The loss function, optimizer, training, etc declarations is the same as in the MNIST tutorial:
cross_entropy = -tf.reduce_sum(y_ * tf.log(y_conv))
train_step = tf.train.AdamOptimizer(1e-4).minimize(cross_entropy)
correct_prediction = tf.equal(tf.argmax(y_conv, 1), tf.argmax(y_, 1))
accuracy = tf.reduce_mean(tf.cast(correct_prediction, "float"))
sess.run((tf.initialize_all_variables()))
for i in xrange(1000):
batch = orlfaces.train.next_batch(20)
if i % 100 == 0:
train_accuracy = accuracy.eval(feed_dict = {x: batch[0], y_: batch[1], keep_prob: 1.0})
print "Step %d, training accuracy %g" % (i, train_accuracy)
train_step.run(feed_dict = {x: batch[0], y_: batch[1], keep_prob: 0.5})
print "Test accuracy %g" % accuracy.eval(feed_dict = {x: orlfaces.test.images, y_: orlfaces.test.labels, keep_prob: 1.0})
Thanks for reading, have a good day
Well, after a lot debugging, I found that my issue was due to a bad instantiation of the labels. Instead of creating arrays full of zeros and replace one value by one, I created them with random value! Stupid mistake. In case someone wondering what I did wrong there and how I fix it here is the change I made.

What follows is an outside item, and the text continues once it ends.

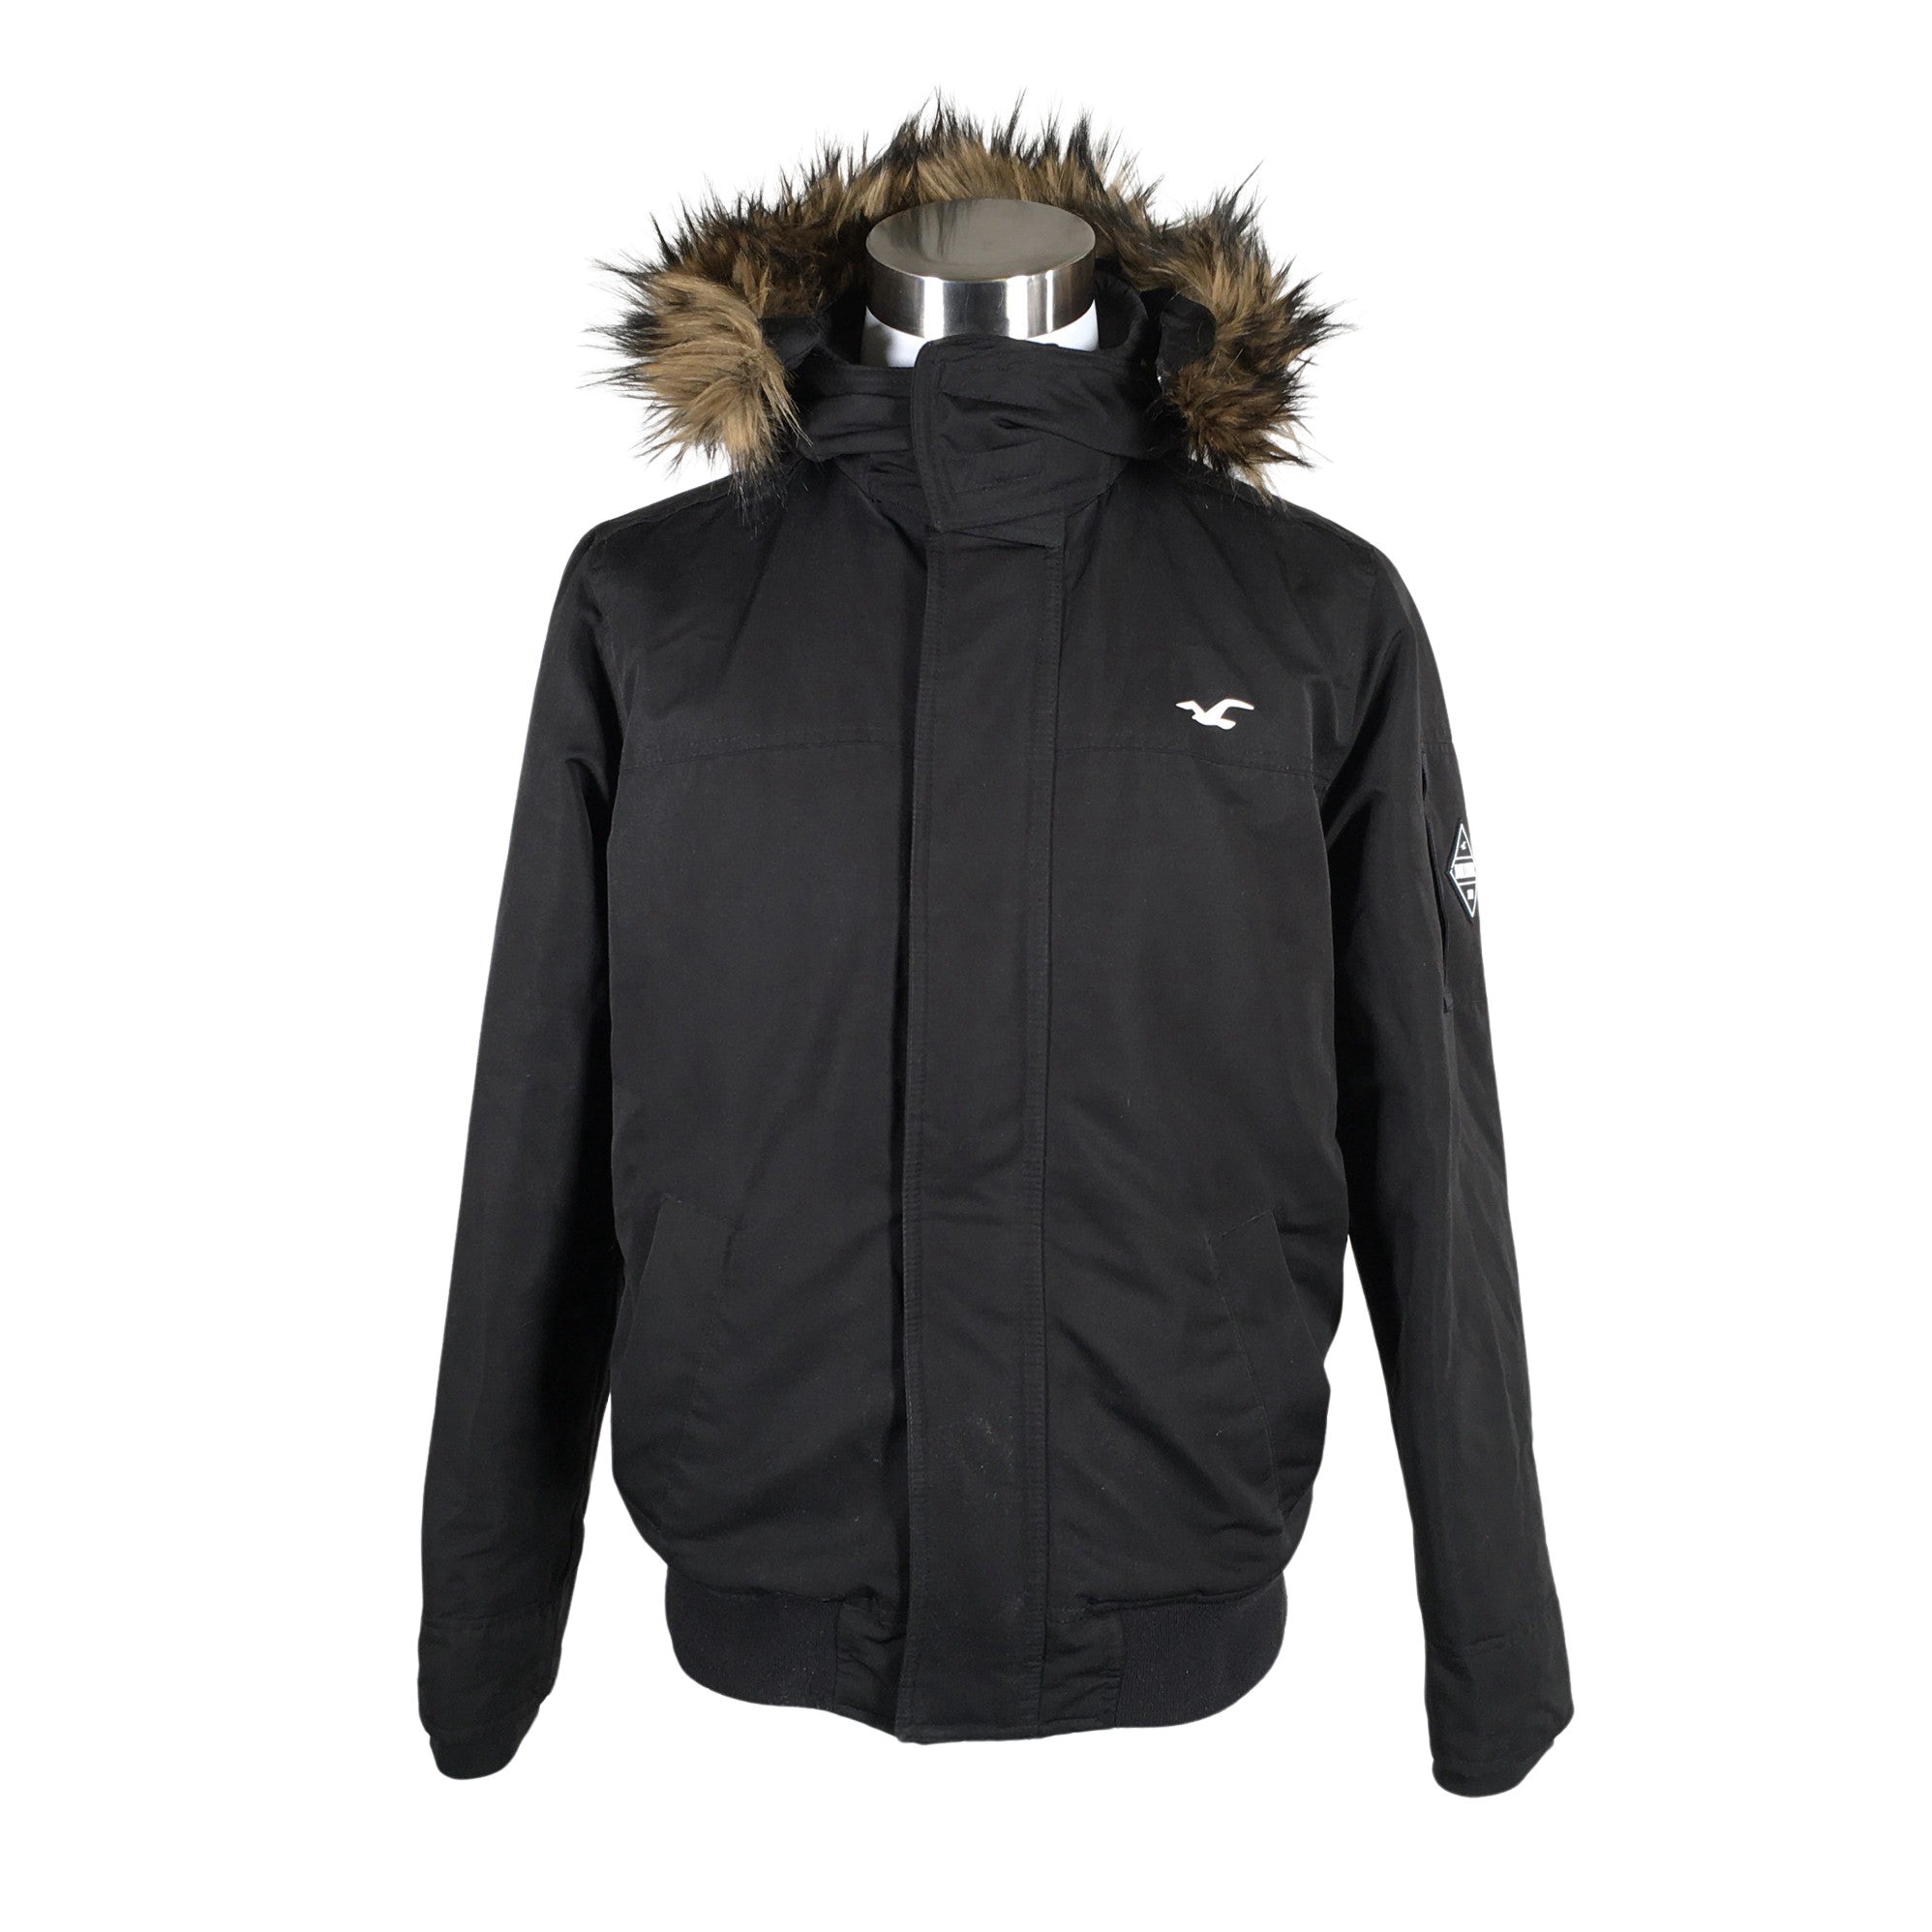 Men's Hollister Winter jacket, size M (Black)

Anyway during all the debugging I made, to find this mistake, I found some useful information to debug this kind of problem:
For the cross entropy declaration, the tensorflow's MNIST tutorial use a formula that can lead to NaN value
This formula is
cross_entropy = -tf.reduce_sum(y_ * tf.log(y_conv))

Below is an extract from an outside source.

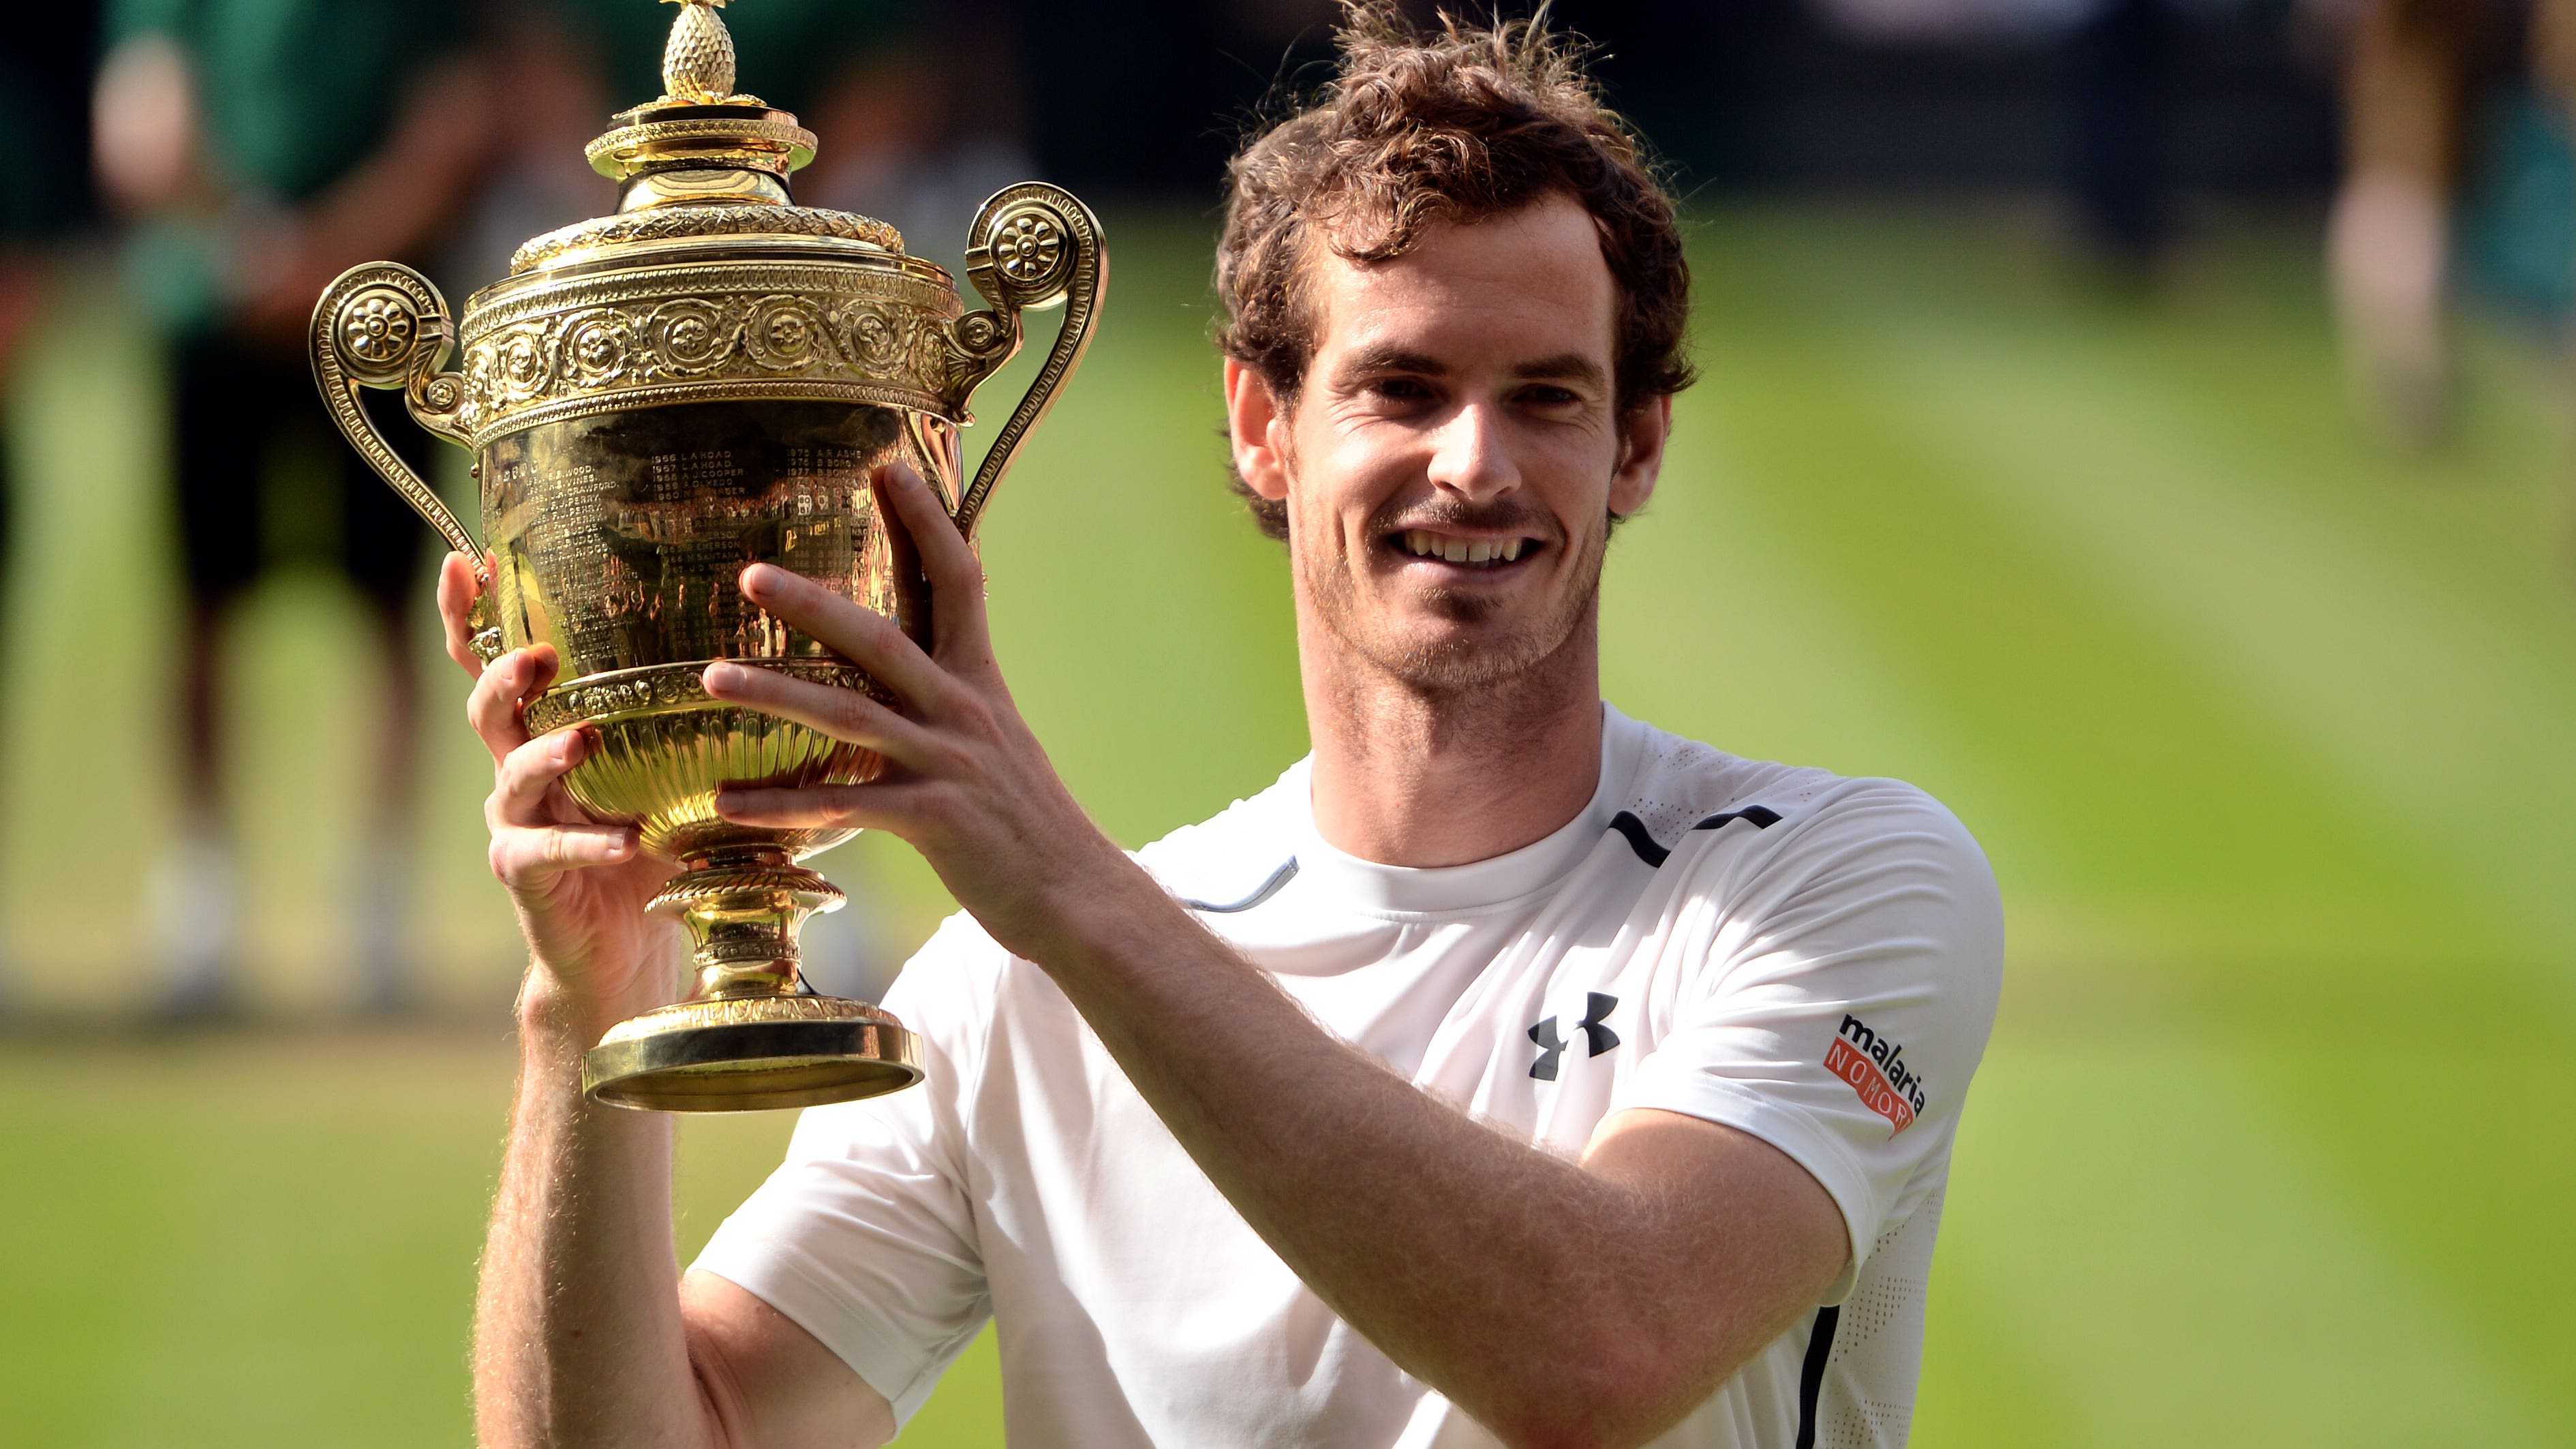 Andy Murray denied one last Wimbledon singles run – but legacy assured long ago

Instead of this, I found two ways to declare it in a safer fashion:
cross_entropy = -tf.reduce_sum(y_ * tf.log(tf.clip_by_value(y_conv, 1e-10, 1.0)))
or also:
cross_entropy = tf.reduce_mean(tf.nn.softmax_cross_entropy_with_logits(logit, y_))
As mrry says. printing the shape of the tensors can help to detect shape anomaly.
To get the shape of a tensor just call his get_shape() method like this:
print "W shape:", W.get_shape()
user1111929 in this question use a debug print that help me assert where the problem come from.